I didn't come to coaching because I wanted to give back. I came to it because I kept having the same conversation — with a colleague facing a career decision, a founder navigating their first board conflict, a leader promoted into a role that suddenly felt too big. I was good at that conversation in a way I hadn't been at many other things. There was a moment with a former colleague — six hours at a kitchen table, working through whether she should leave the firm she'd built a career in — where I realised this was the thing I should be doing professionally, not occasionally.
I'm not the right coach for someone who wants validation that they're making the right call. I'm the right coach for someone who needs to think through a hard problem with someone who has faced a version of it — and can be honest about what they found. If you want reassurance, I can give you some. But if that's primarily what you're looking for, you'd be better served by a conversation with a trusted peer. What I offer is different: genuine engagement with the substance of the problem, and the experience to know which uncomfortable things are worth saying.
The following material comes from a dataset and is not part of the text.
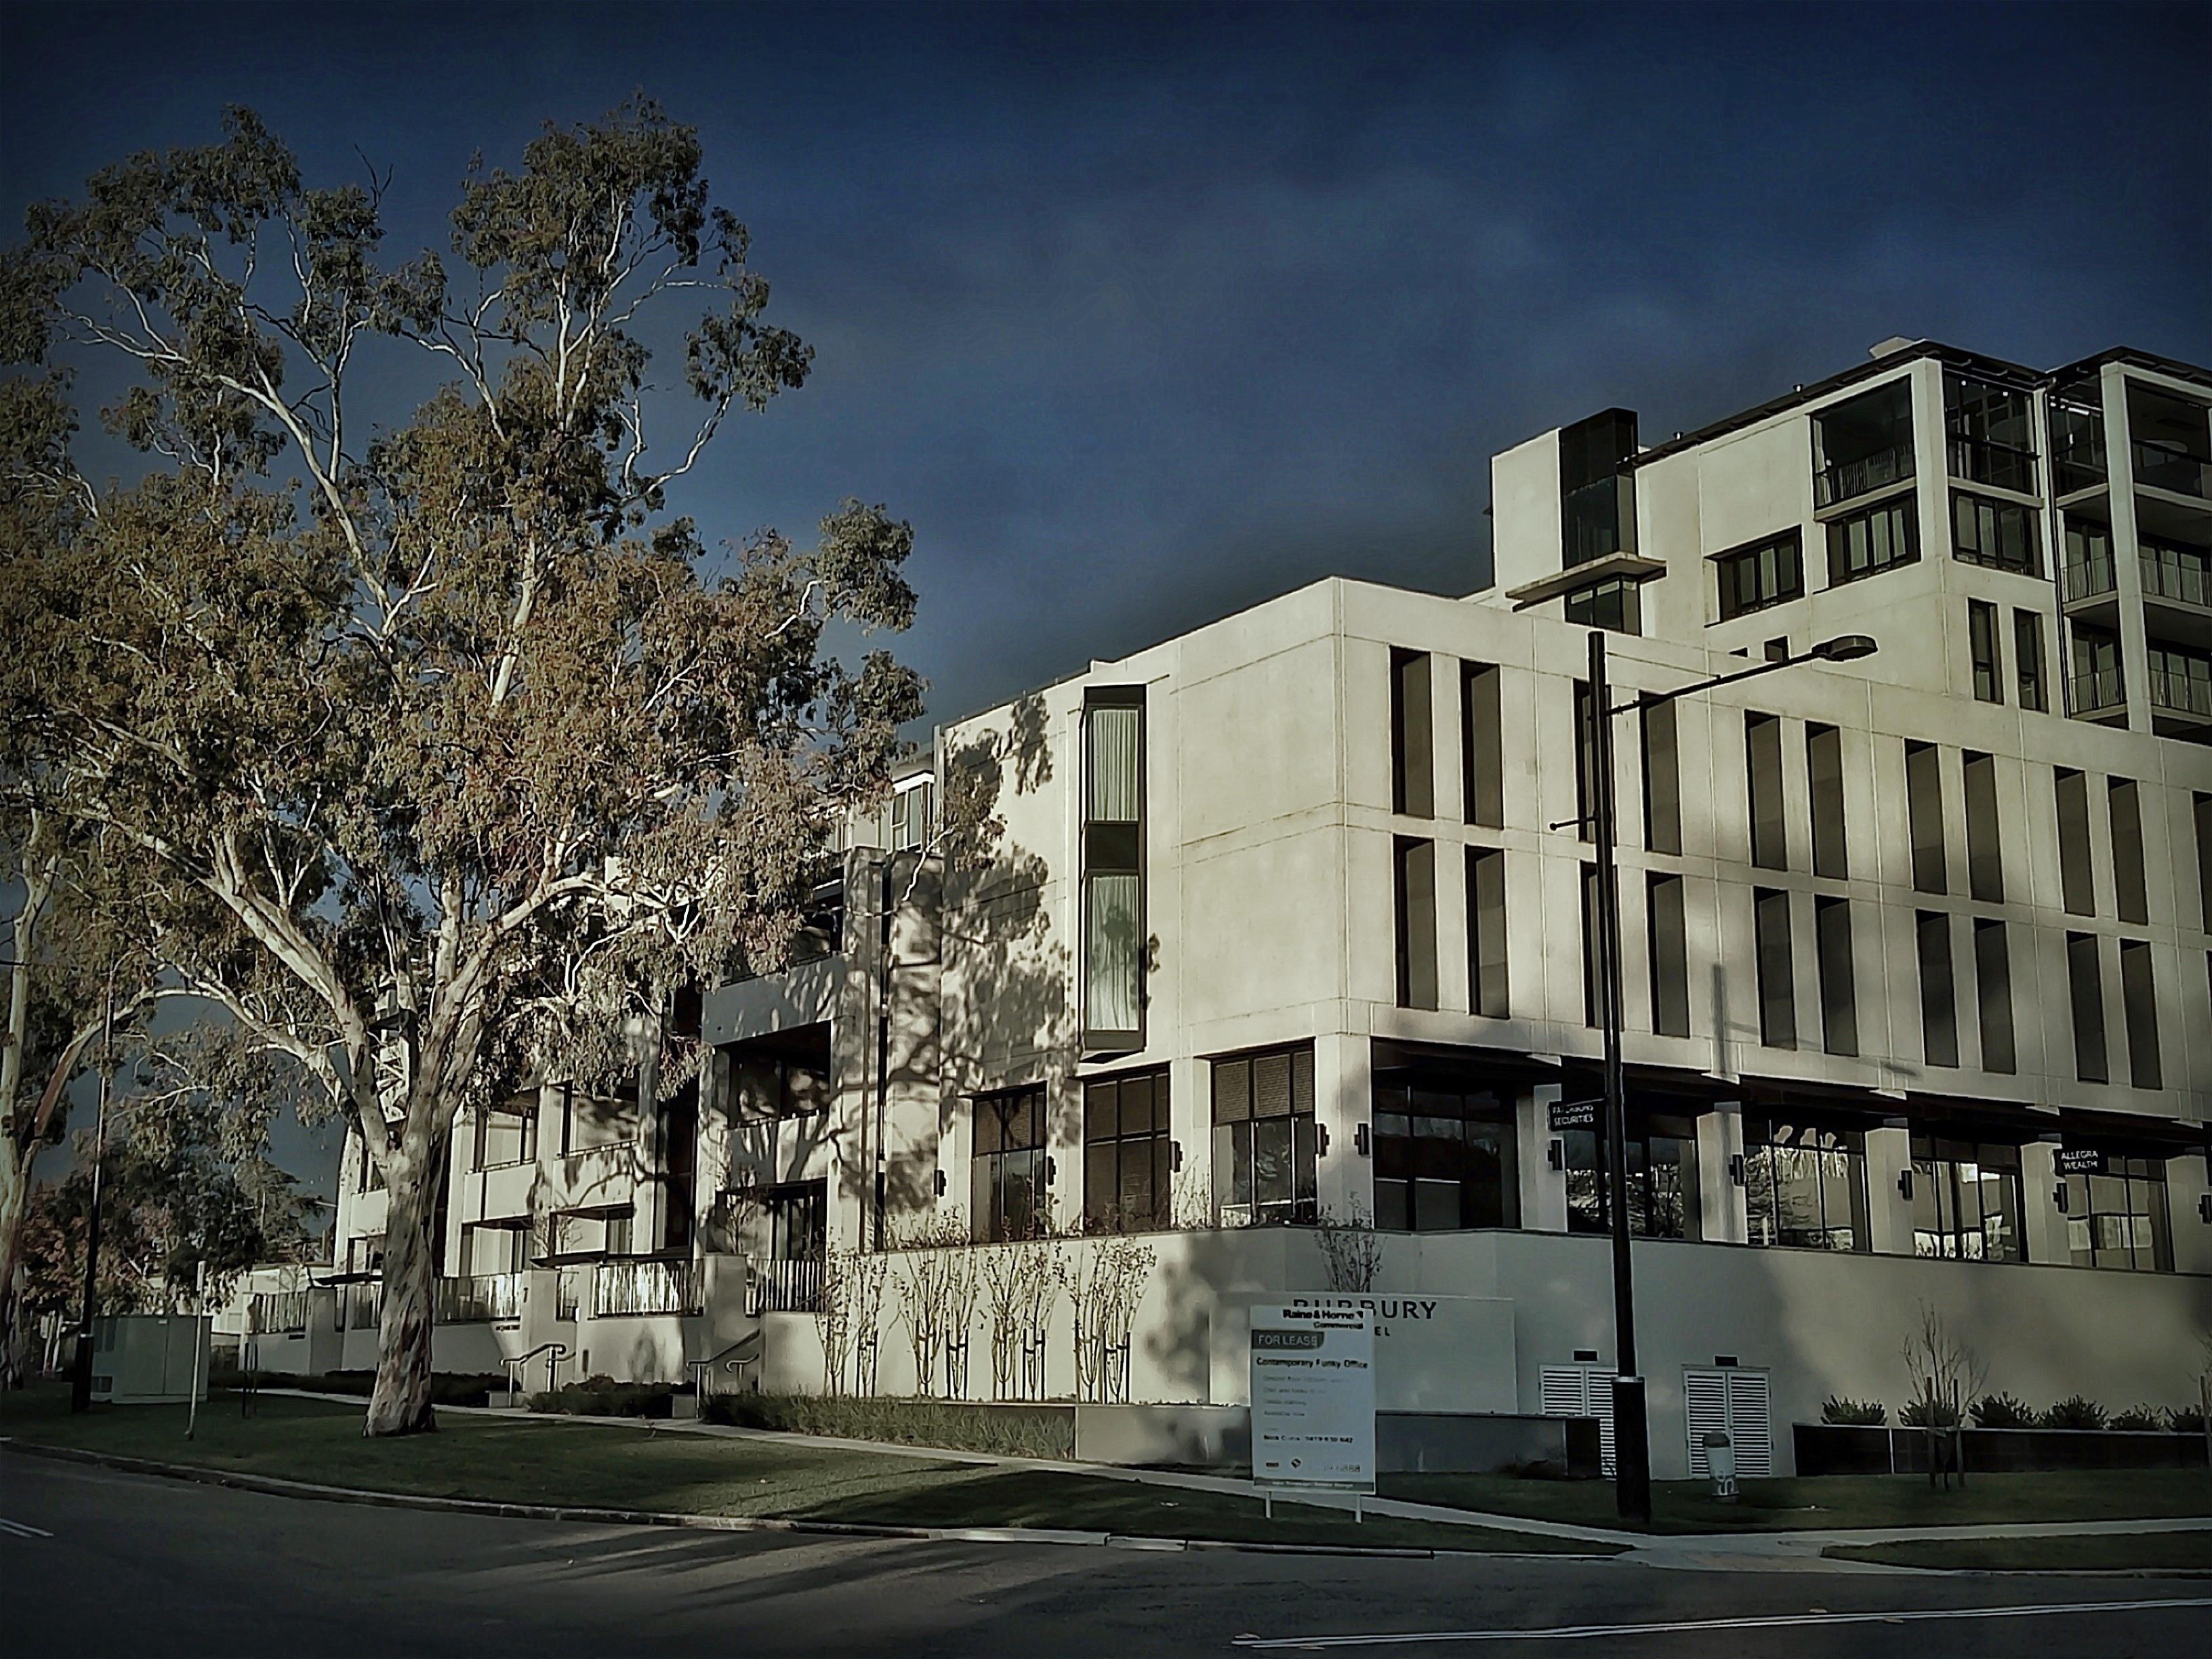 Barton Springs Apartments

Sessions are direct. I ask questions that go further than most people in your professional life would permit themselves to ask. I have no stake in your decision going a particular way. I'm not your manager, not your investor, not your peer. That independence is the thing clients consistently tell me makes the engagement different. Between sessions, I'm available on WhatsApp — not as a helpline, but as a thinking partner for the moments that don't wait for a scheduled call. Those are often where the most important clarity arrives.